En la sociedad actual, en correspondencia con su estructura, los partidos políticos pueden ser, como en el caso de Nicaragua y otras partes de Centroamérica y América Latina: de conservadores, de liberales, de socialcristianos, de terratenientes, de campesinos, de evangélicos, de pequeños burgueses, de “liberales independientes”, y, por supuesto, partidos revolucionarios, de Liberación Nacional para transformar la sociedad explotadora en una sociedad más justa y socialista, como el Frente Sandinista de Liberación Nacional en Nicaragua y el Frente Farabundo Martí para la Liberación Nacional de El Salvador, conocido también como FMLN.

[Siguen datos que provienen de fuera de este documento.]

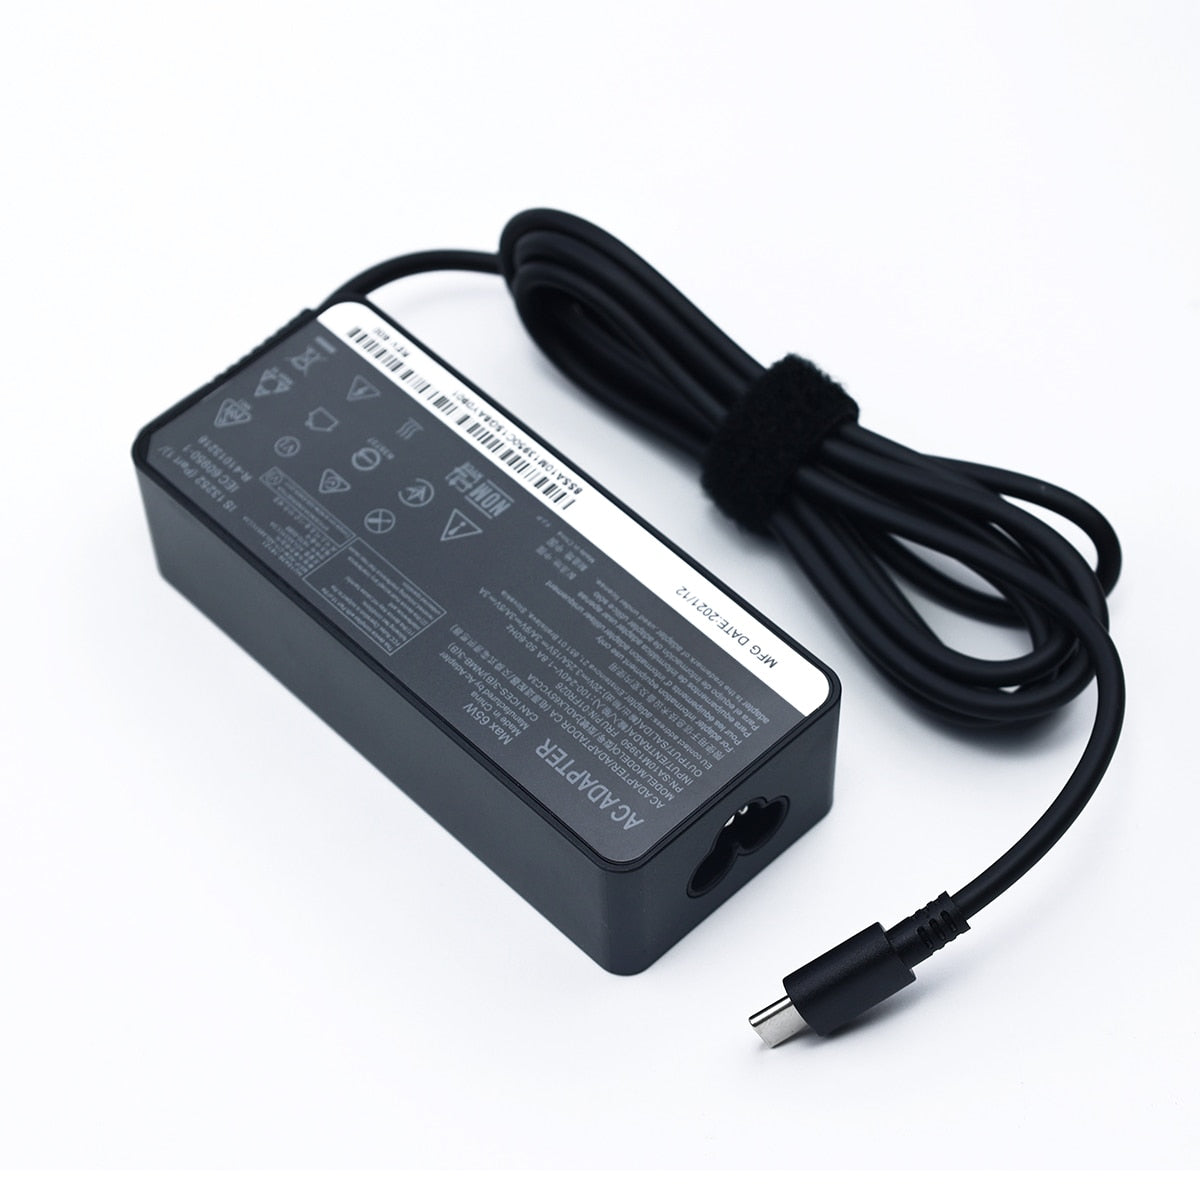 20V 3.25A 65W USB Type-C AC Laptop Power Adapter Charger For Lenovo Thinkpad X1 Carbon Yoga X270 X280 T580 P51 P52s E480 E470 S2

En el caso concreto del  Frente Sandinista de Liberación Nacional, este se nutre de profesionales, académicos, intelectuales, obreros, técnicos, campesinos medios y pobres, empresarios medianos y pequeños, comerciantes medianos y pequeños, de hombres y mujeres que son “trabajadores por cuenta propia”, de amas de casa, seres humanos nicaragüenses con oficios muy diversos: sastres, costureras, hojalateros, talabarteros, barberos, enfermeros y enfermeras, etc.

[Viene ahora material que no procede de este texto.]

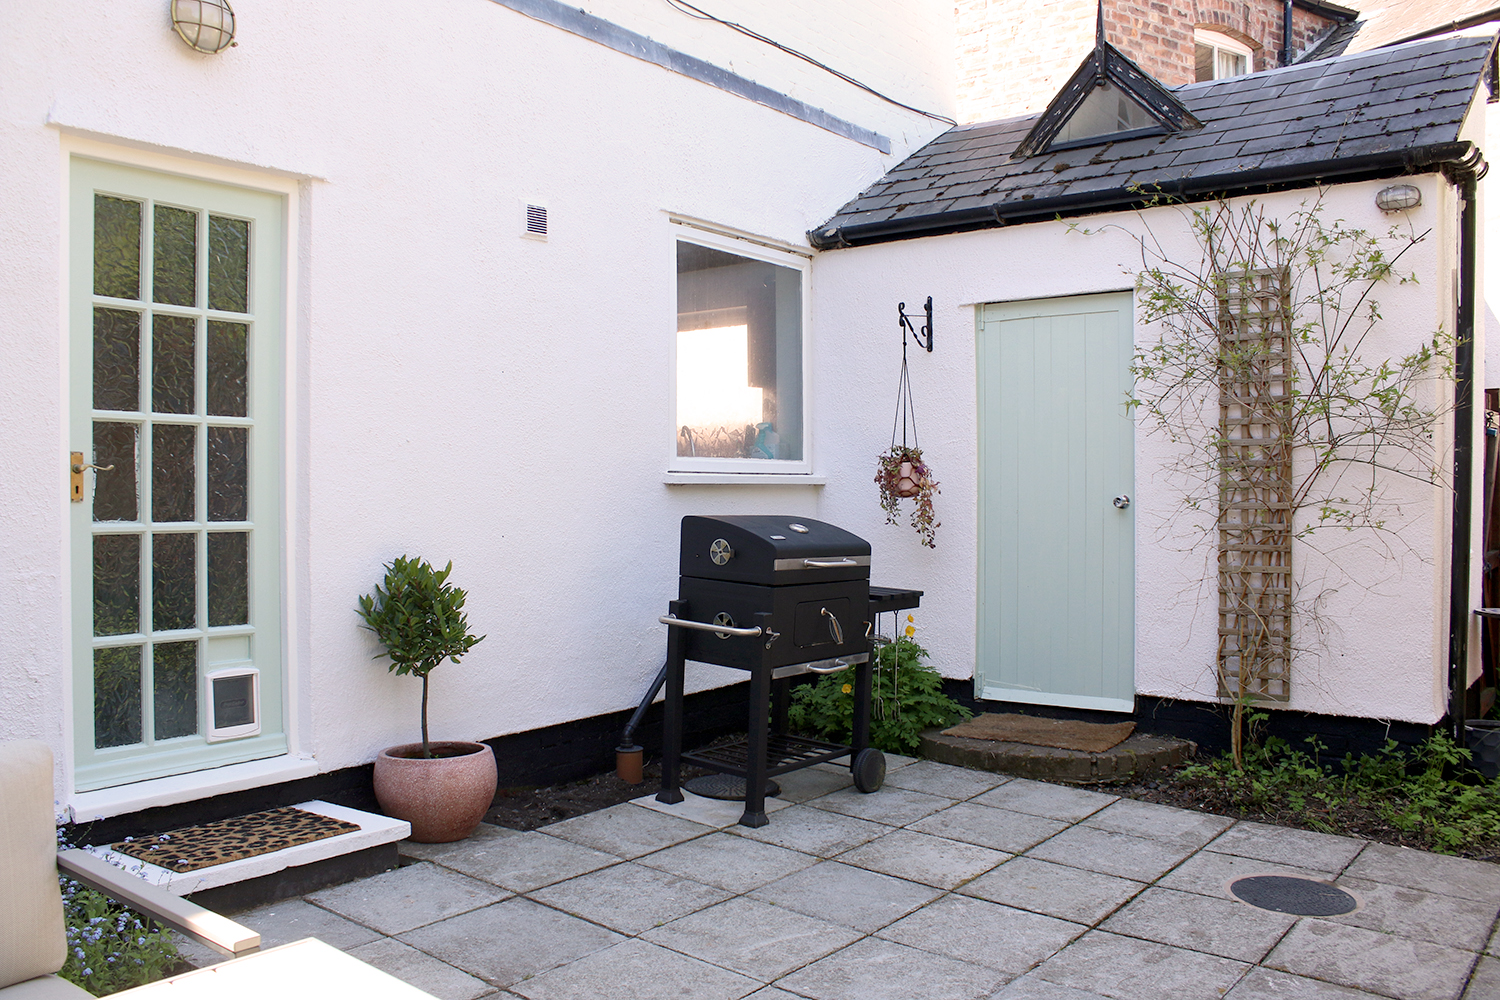 Courtyard garden with pale green and pink accents

Antes del Triunfo de la Revolución Sandinista en 1979, en Nicaragua sólo podían participar en el juego político electoral los llamados “partidos tradicionales”, el Partido Liberal Nacionalista, brazo civil y político de la dictadura somocista genocida; y el Conservador, conocido como “zancudo”, “colaboracionista”, porque servía para las elecciones fraudulentas de la tiranía de la familia Somoza Debayle.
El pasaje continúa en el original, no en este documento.